Analytics in the Sheevaplug or some other computer connected to the accelerometer analyzes the raw data streaming in from the sensor. This analytics engine detects local anomalous acceleration. Local anomalies could be due to somebody banging on a door, or a big dog jumping off the couch (frequent occurrence in my house), or due to an earthquake. The plug computer or phone sends messages to the cloud when it detects a local anomaly. An accelerometer may measure at 200 samples per second, but messages get sent to the cloud at rates that range from one per minute, to one every 20 minutes. The local anomaly message includes the sensor id, location (because phones move), and magnitude.

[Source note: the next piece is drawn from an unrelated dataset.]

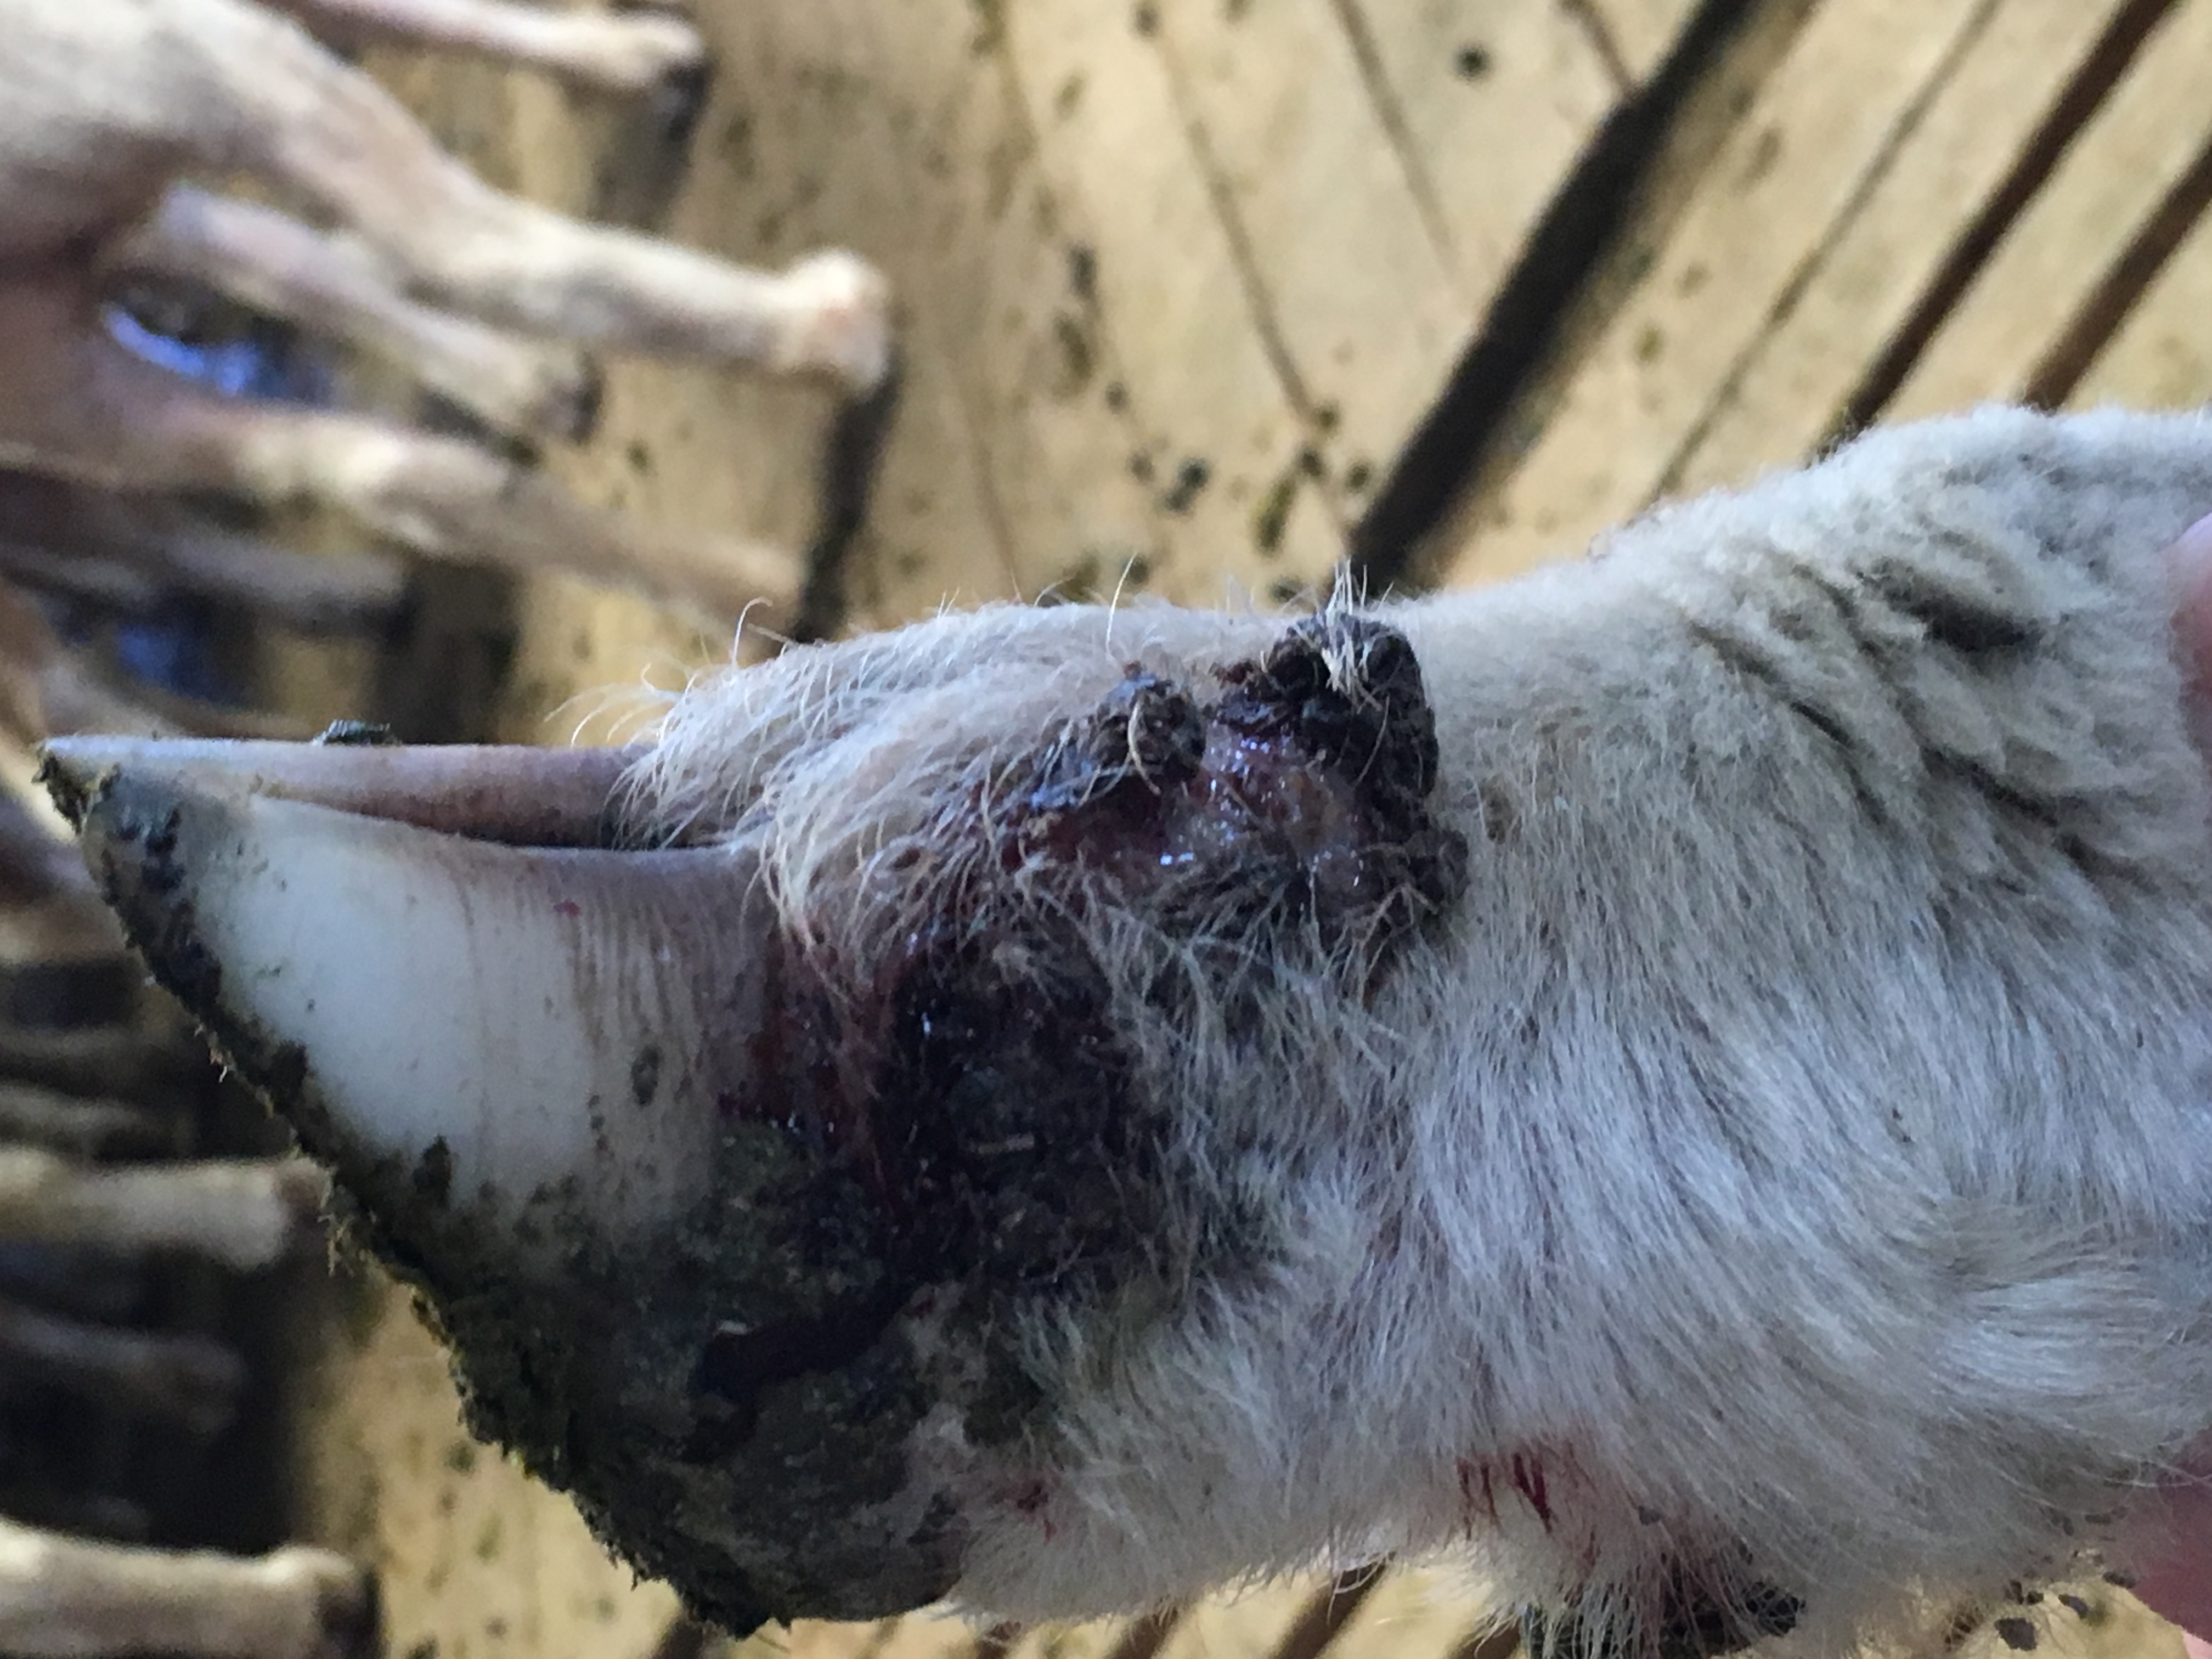 Close up image of a scab on a lambs lower leg.

There are four critical differences between community networks and traditional seismic networks:

  •  Community sensor fidelity is much poorer than that of expensive instruments.
  •  The quality of deployment of community sensors by ordinary citizens is much more varied than that of sensors deployed by professional organizations.
  • Community sensors can be deployed more densely than expensive sensors. Think about the relative density of phones versus seismometers in earthquake-prone regions of the world such as Peru, India, China, Pakistan, Iran and Indonesia.
  • Community sensors are deployed where communities are located, and these locations may not be the most valuable for scientists.

Research questions investigated by the Caltech CSN team include: Are community sensor networks useful? Does the lower-fidelity, varied installation practices, and relatively random deployment result in networks that don’t provide value to the community and don’t provide value to science? Can community networks add value to other networks operated by government agencies and companies? Can inexpensive cloud computing services be used to fuse data from hundreds of sensors to detect earthquakes within seconds?

A thought experiment

Carry out the following thought experiment to set the context for these questions. A community sensor given to a member of the community may never be turned on, may be turned off accidentally after a while, may be placed on a kitchen table, or (ideally) affixed firmly to a concrete floor. By contrast, USGS deploys seismometers using a discipline. Some seismometers are placed deep in the ground, covered with sand, and have their own communication mechanism. How could community networks possibly work? What’s the point of trying to harness accelerometers in phones?

These are interesting questions. To get the answers, read the paper!

P.S. An important point about Caltech that helped produce this research: Caltech is truly interdisciplinary and collaborative. The CSN team includes geophysicists, earthquake engineers, computer scientists working on distributed systems and machine learning. The team has professors, research staff, graduate students, undergraduates, and summer undergraduate research fellows from around the world.